Лиза ходила вдоль райкомовского садика, конечно, его ждала. Он не стал выходить из машины, разговор молодожёнов среди площади… Она села в приоткрытую дверь.
— Федя, ты понимаешь, что делаешь? Мало того, что из-за глупых подозрений ты поднял меня на смех, первый тебя в порошок сотрёт, ты же его знаешь. Успокойся, если ты патологически подозрителен, давай сходим к гинекологу, хотя это противно и стыдно. Федя, мы с тобой муж и жена, ну, что ты молчишь? Ведь я люблю тебя и всегда любила, с тех самых поцелуев в комсомольском кабинете? Помнишь?
Да, она была хорошим психологом. Он почувствовал, что уже берет вину на себя, что ничего особенного не произошло, надо только замять эту проблему у первого. Тогда он ещё не понимал, что просто опасался за свою налаживающуюся карьеру.
— Посиди здесь, я пошёл наверх.
В приёмной Зинуля вежливо и с намёком улыбнулась и предложила сразу пройти:
— Ждёт, не принимает никого. Счастливо, Фёдор Петрович!
Трыль в сложных вопросах разбирался быстро и основательно, решения принимал без особого голосования. Сейчас не встал по обыкновению изо стола, руки не подал, кивнул на стул.
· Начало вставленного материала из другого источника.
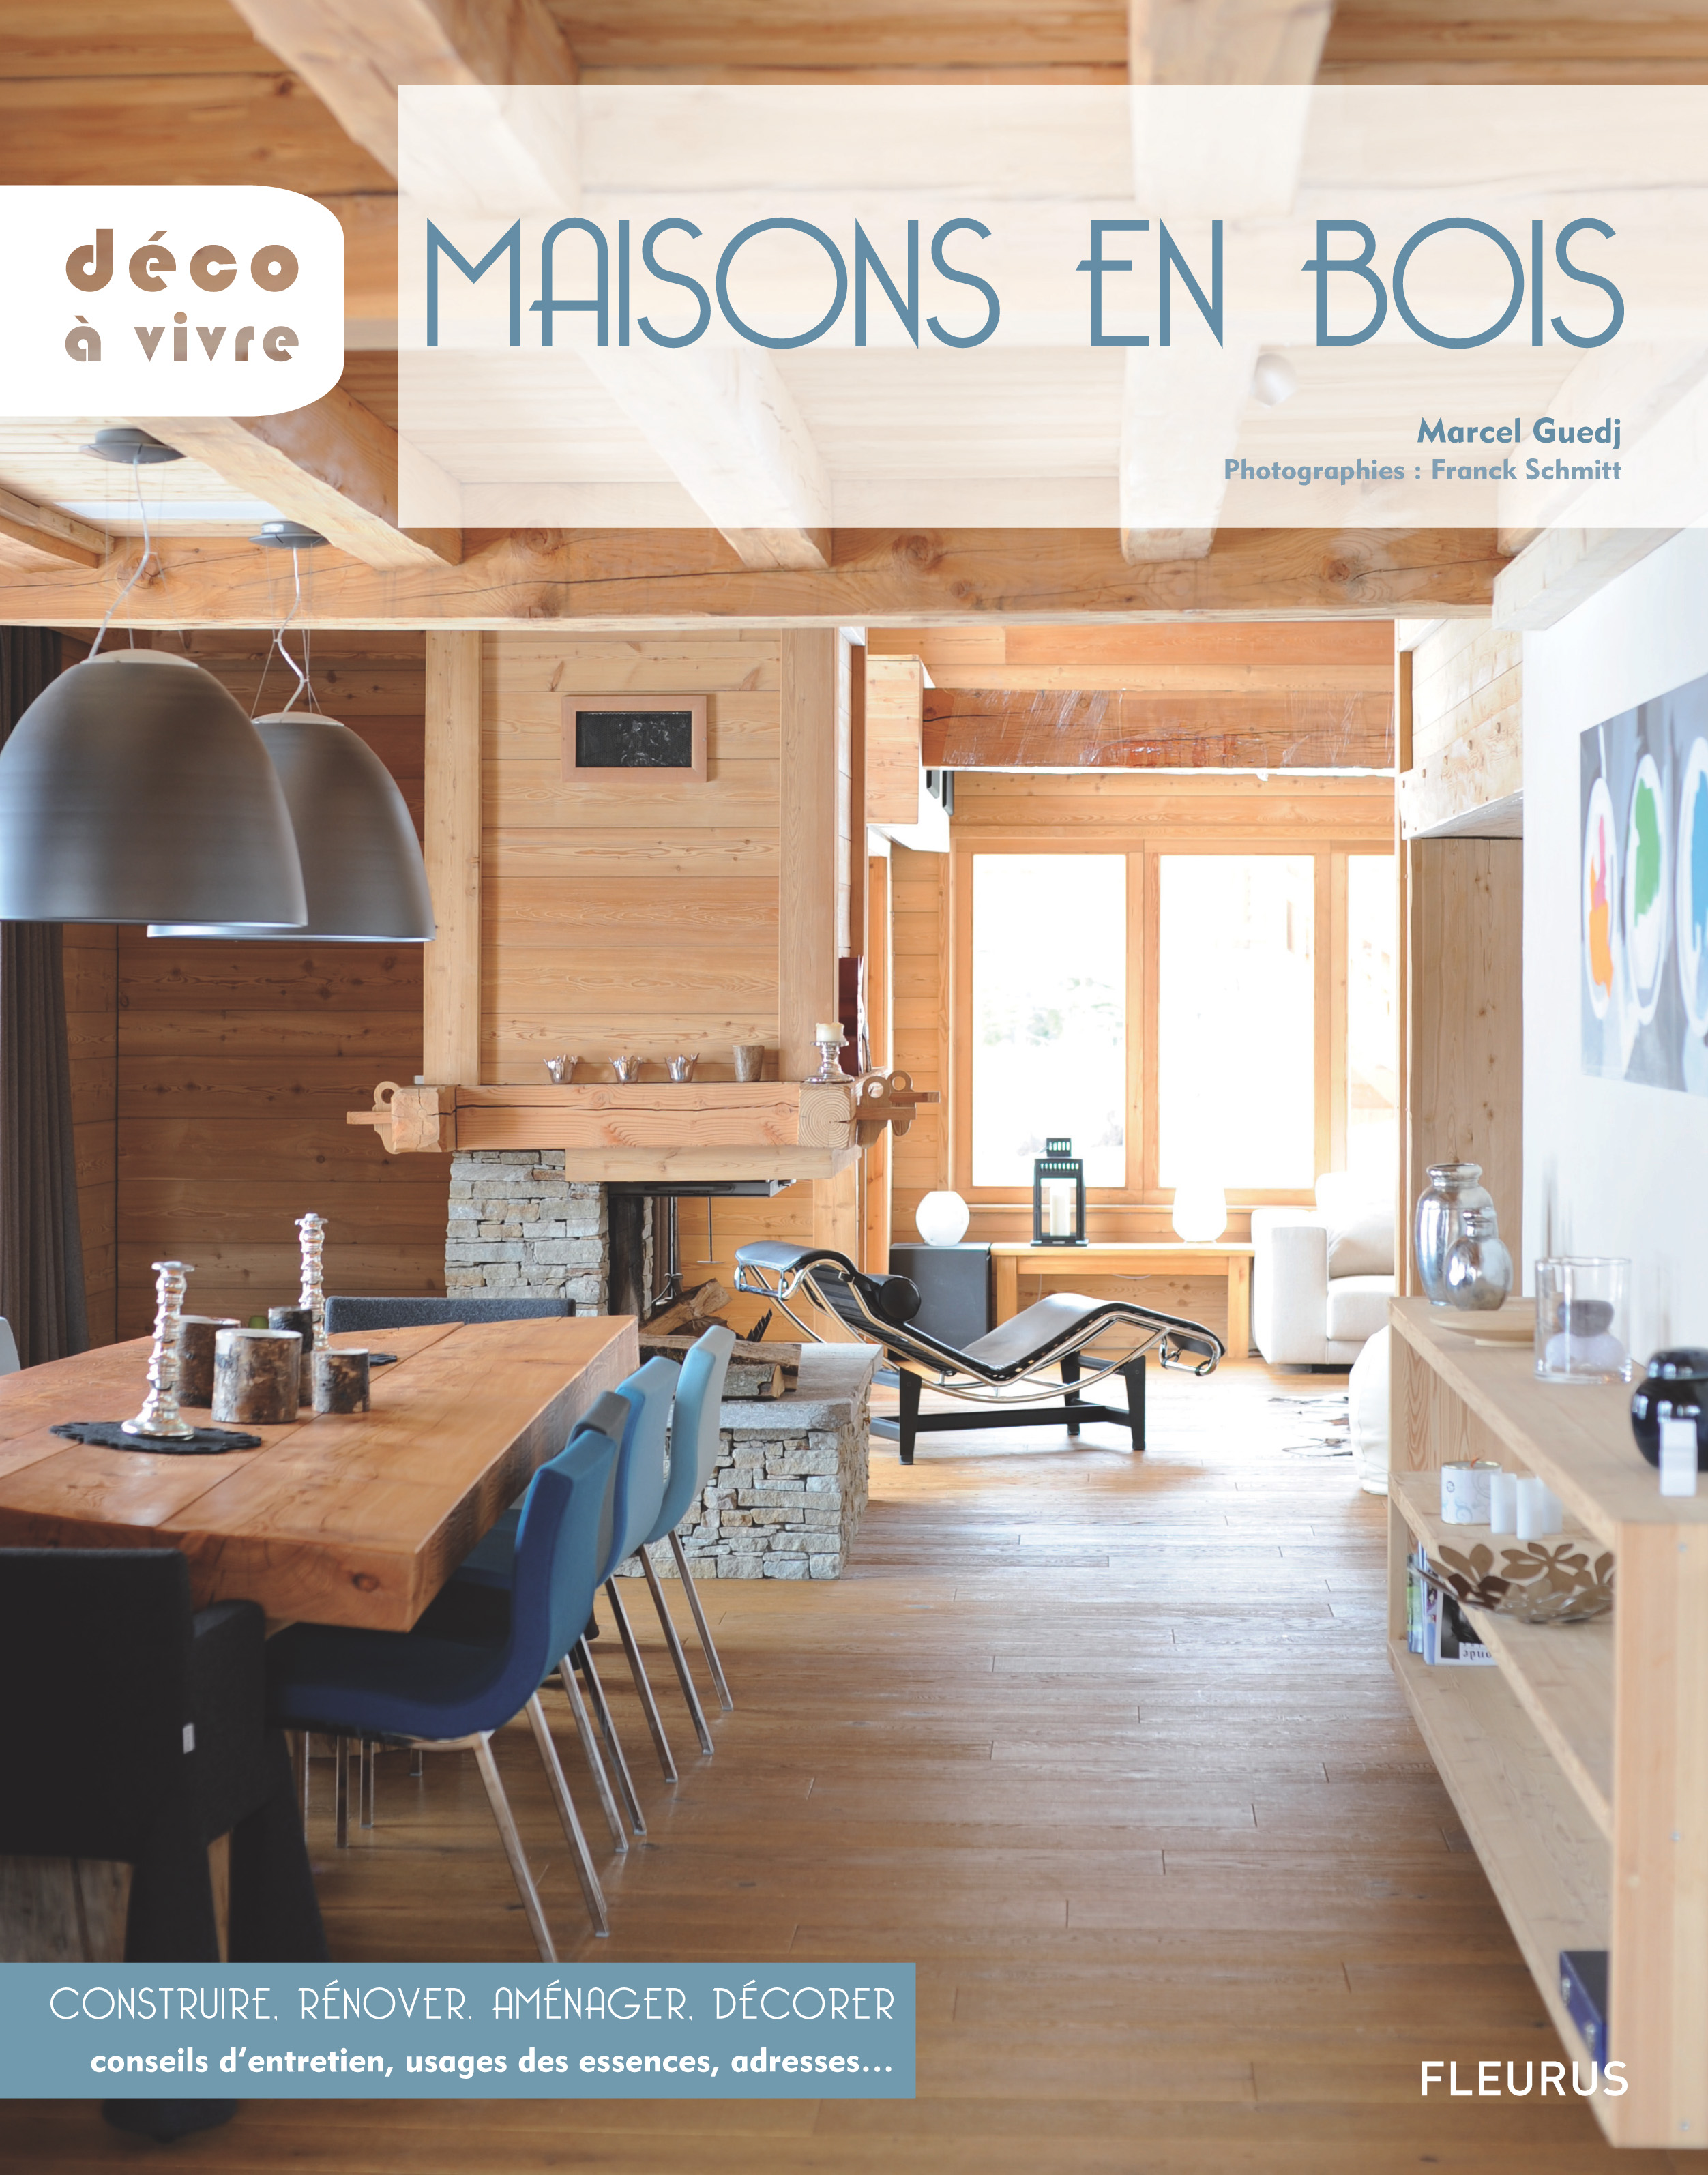 Le livre lire absolument si vous voulez construire une maison en bois for Livre construction bois

— До какого позора ты дожил, Фёдор! Я считал тебя порядочным человеком, а ты домостроевские порядки в доме с первого дня начал заводить. Ты меня прости, мы мужики и можем рассуждать прямо: что тебя заело? «Невеста не девушка!» А ты, можно подумать, кристально чист! Знаю я все твои похождения и здесь, и в Свердловске. Ты думаешь, она не знает? Знает, но любит и простила все. А ты? И почему не говоришь, что вообще ни хрена не помнишь? Девушка она или не девушка — она в любом случае жена твоя официально, а ты её муж. Скажу начистоту, Фёдор: нравится мне твоя Елизавета, но — года мои ушли. Правда, несколько раз приглашал её к хорошим товарищам в гости, возможно, люди видели, возможно, и ты знаешь. Но совершенно ничего лишнего, просто приятно общество красивой девушки. Молчишь? Тогда я вот что скажу. Надо эту ситуацию снять, я переведу тебя заведующим орготделом, конечно, ты не готов, но хватка есть. Дом строит дорожный начальник для себя, хитрит, но я-то знаю, потому отберём и вас вселим. Если не согласен — партбилет на стол, трудовую получишь в секторе учёта у супруги, кстати. Ну, как тебе мой план? Лизу приглашать? Поездишь пока из совхоза, дорожник уже пола покрасил, на той неделе перевезёшь вещи. Все, свободен.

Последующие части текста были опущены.